##### Given information #####
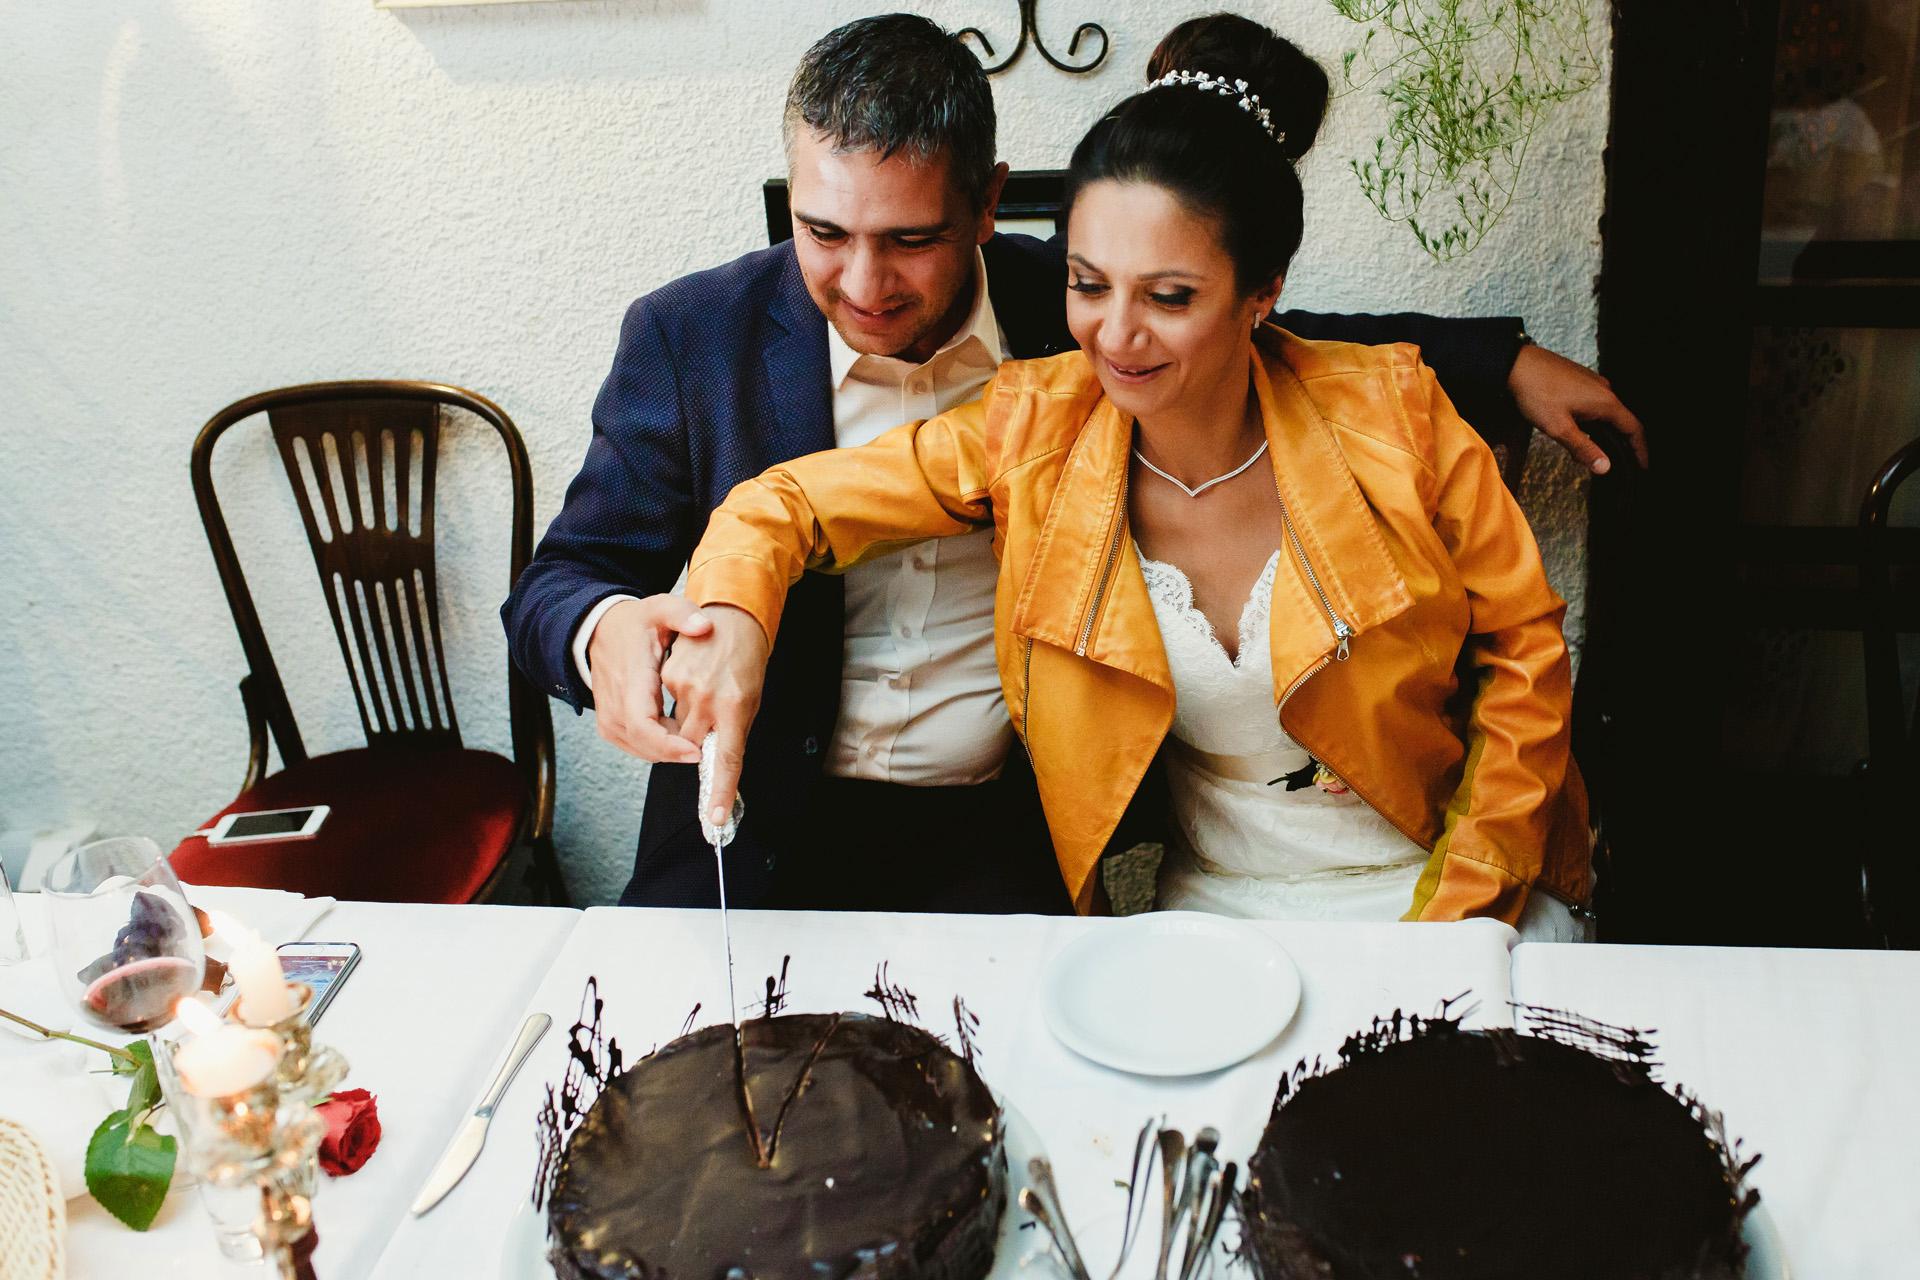 Skadarlija, Belgrade, Serbie Elopement Party Image | Une simple cérémonie de coupe de gâteau
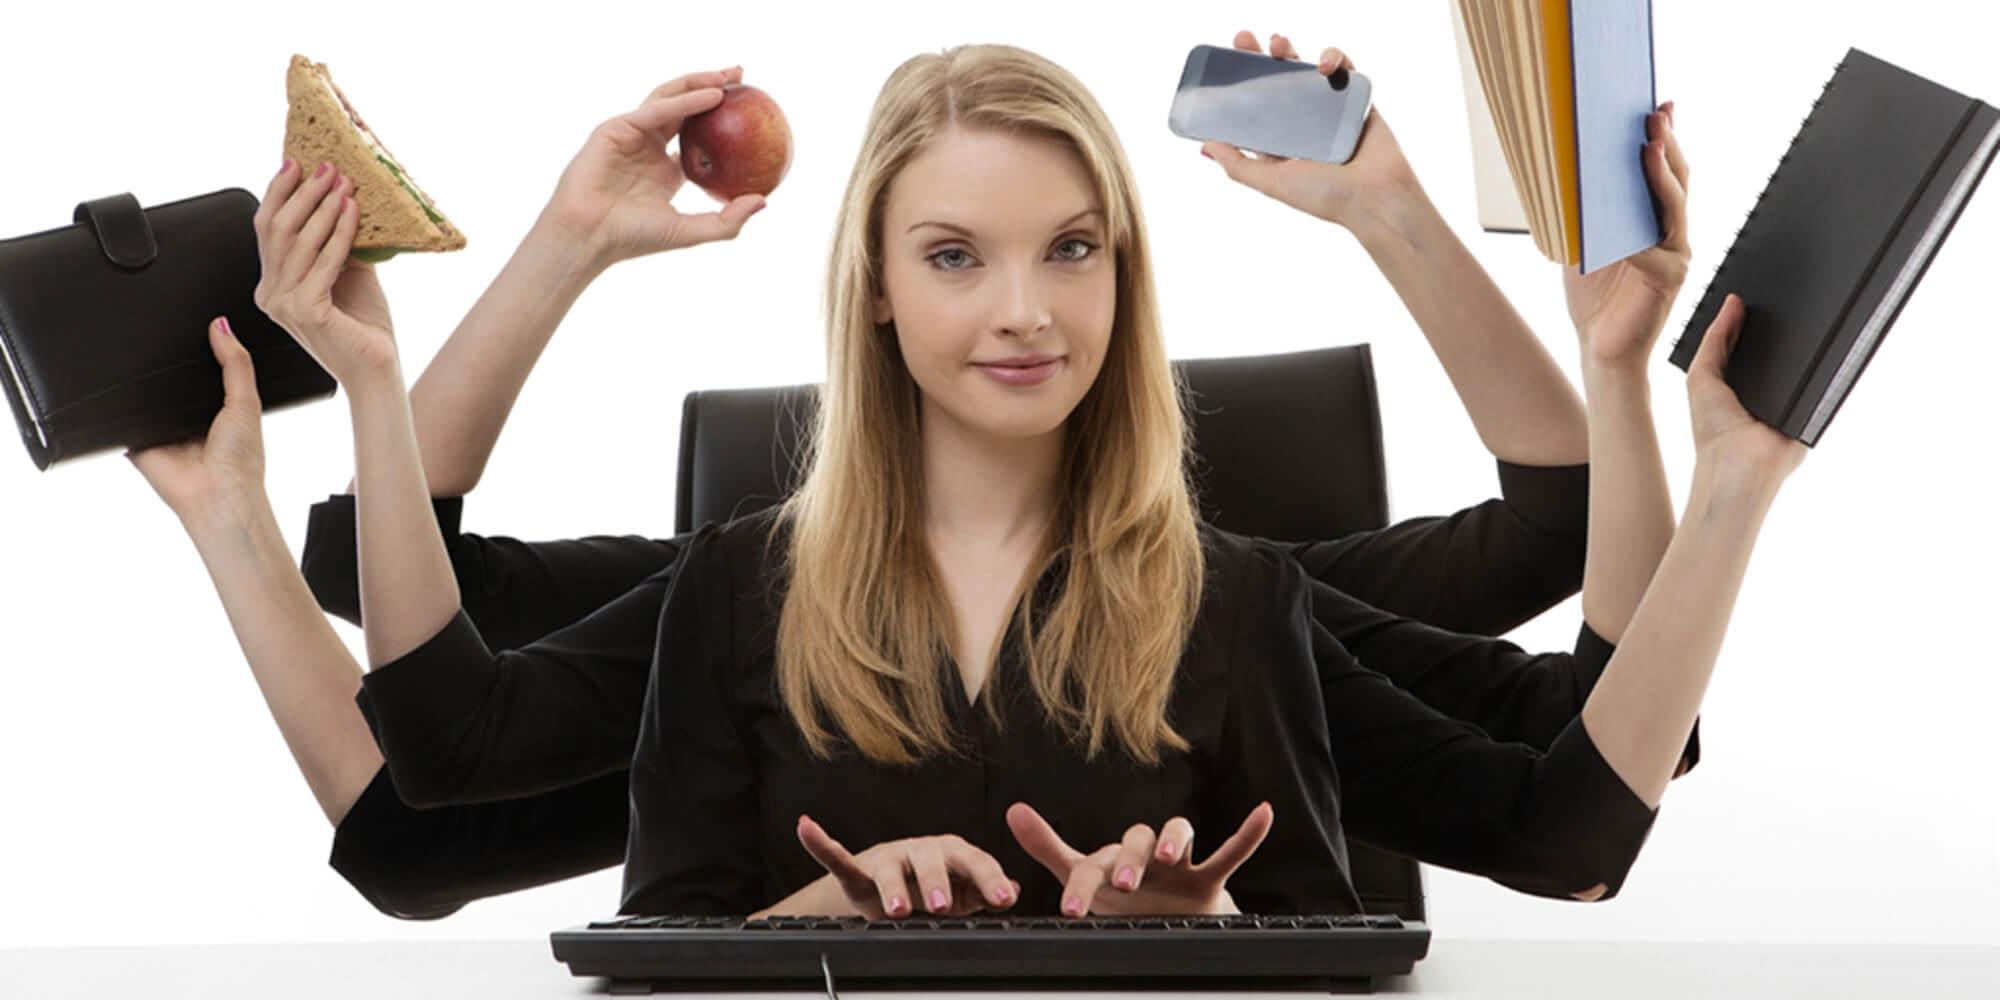 Hành chính văn phòng là gì? Tất tần tật về nghề hành chính văn phòng
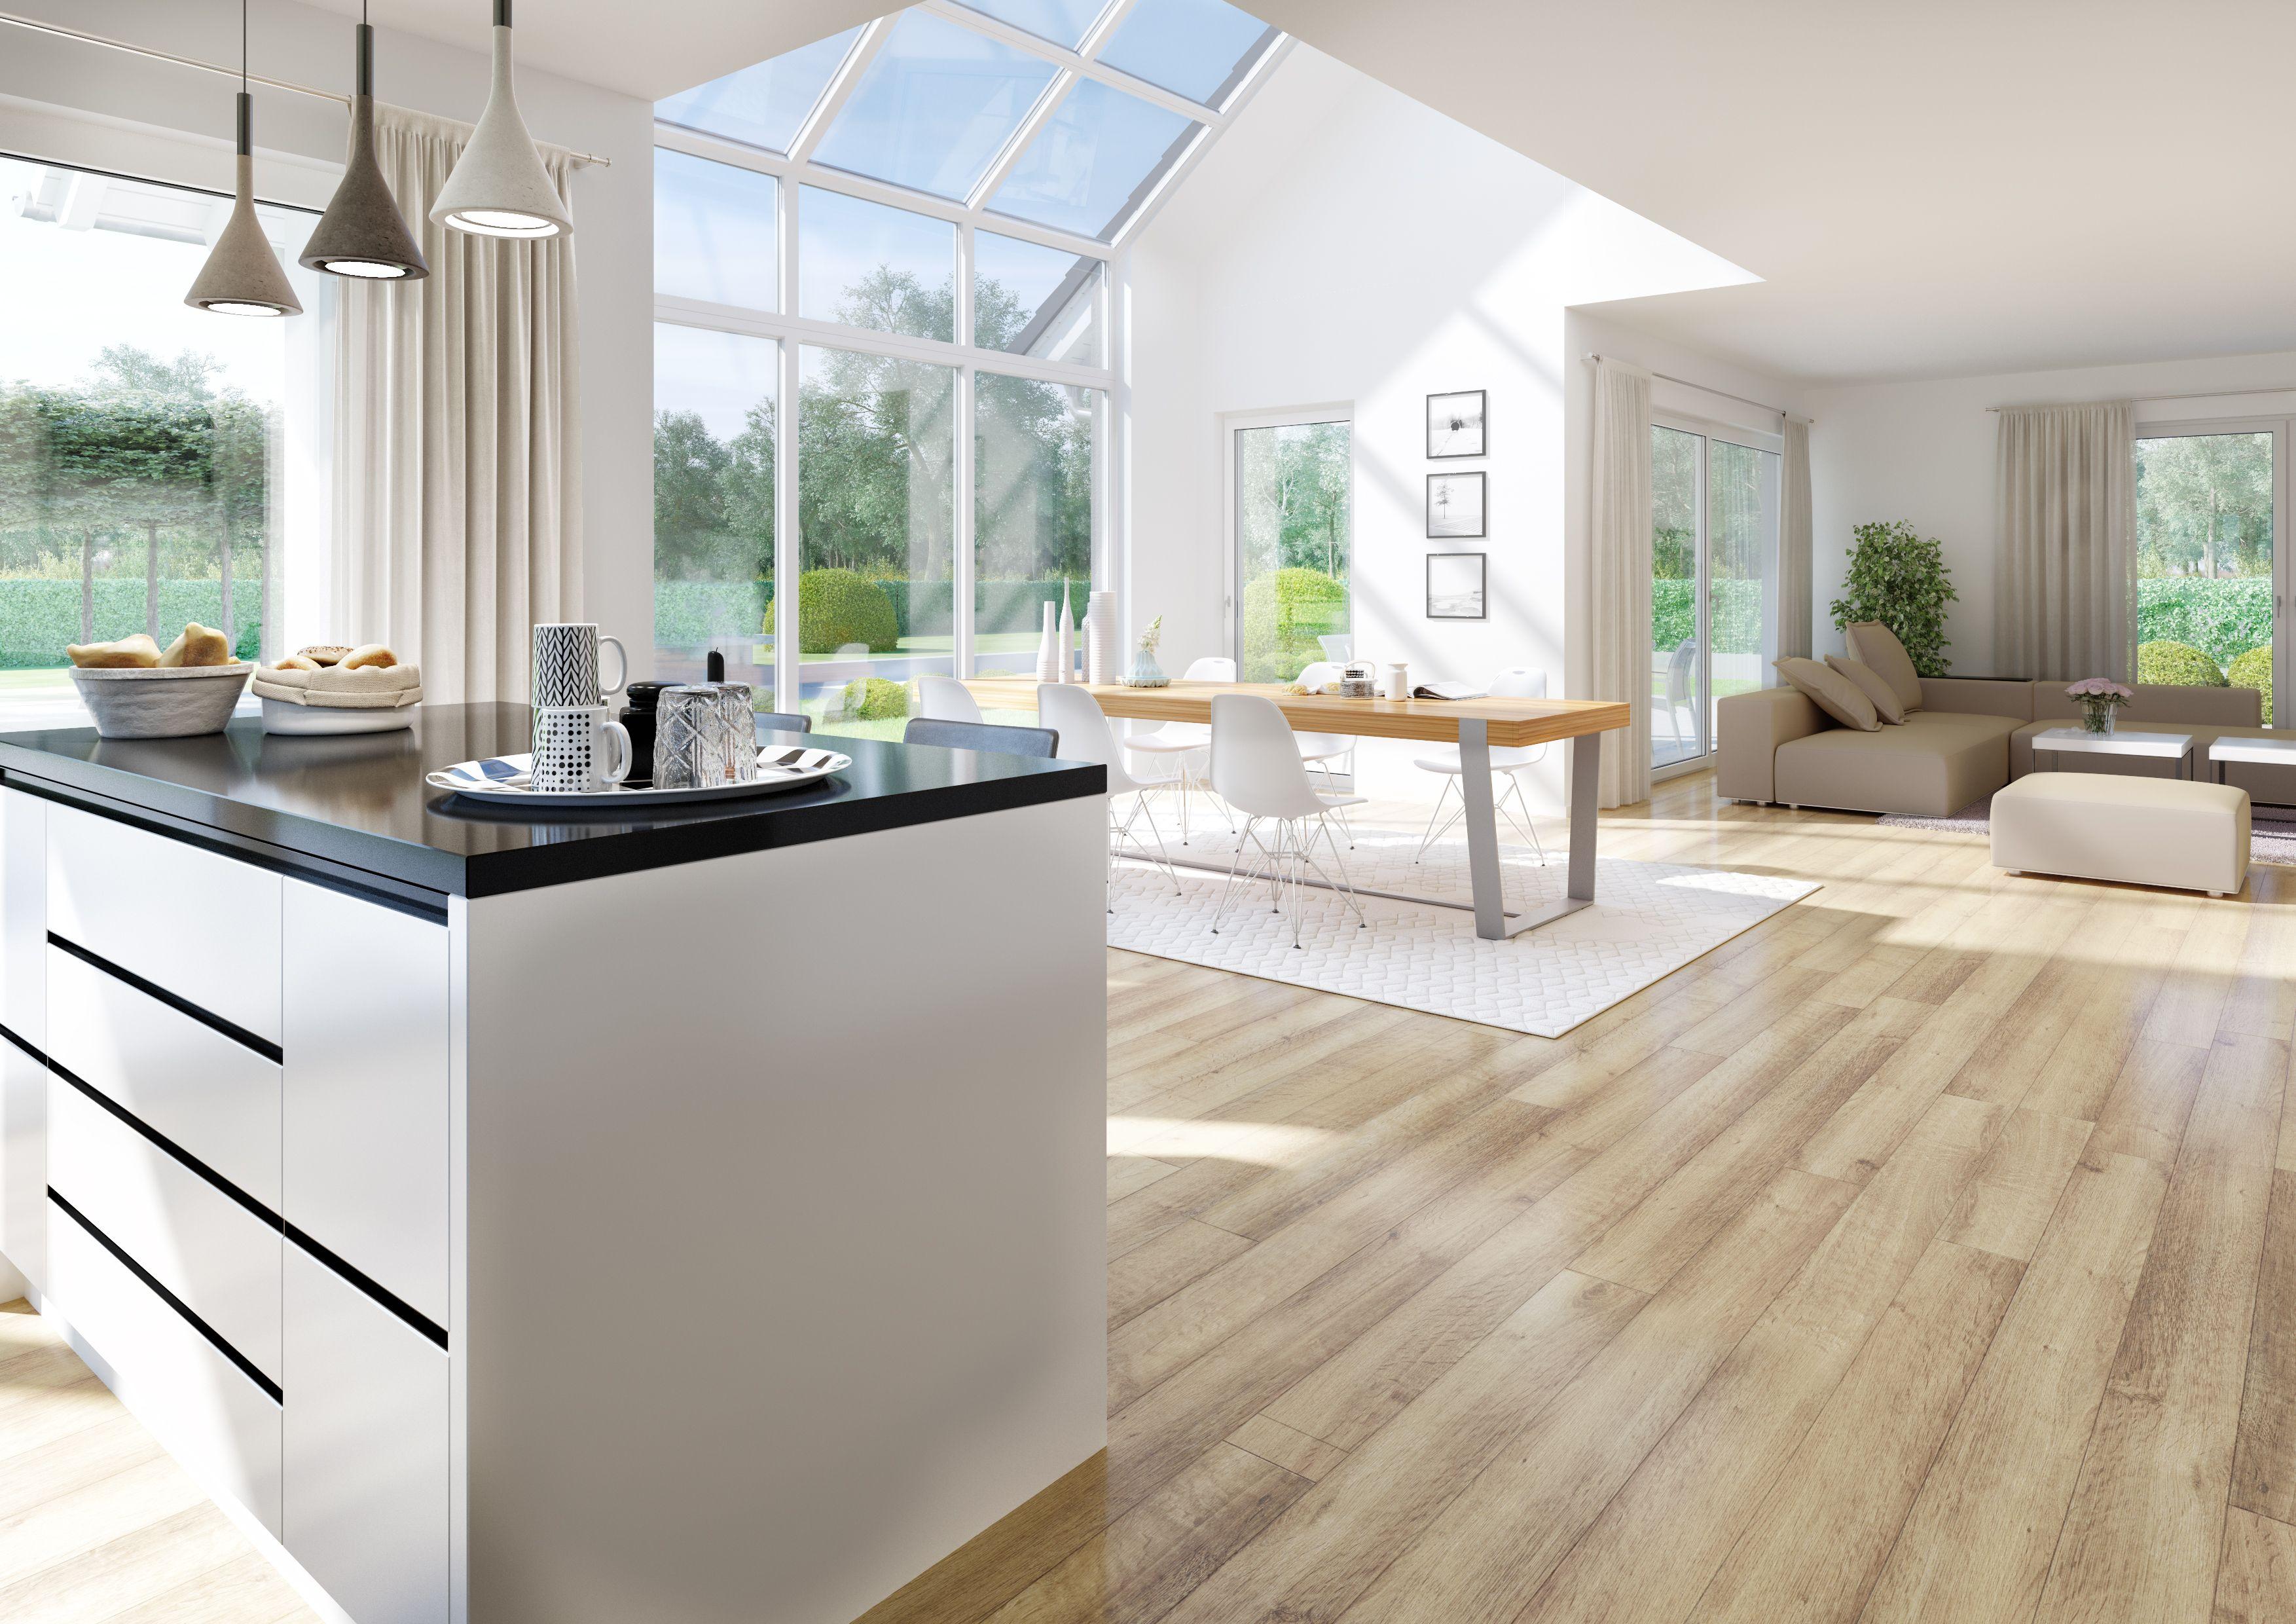 Familienhäuser Haus Innenarchitektur Wohnen Und Kern Haus
#####
Exercise goal =
Leave the images out as you retype each line of the material exactly.

Answer to this task =
 Skadarlija, Belgrade, Serbie Elopement Party Image | Une simple cérémonie de coupe de gâteau
 Hành chính văn phòng là gì? Tất tần tật về nghề hành chính văn phòng
 Familienhäuser Haus Innenarchitektur Wohnen Und Kern Haus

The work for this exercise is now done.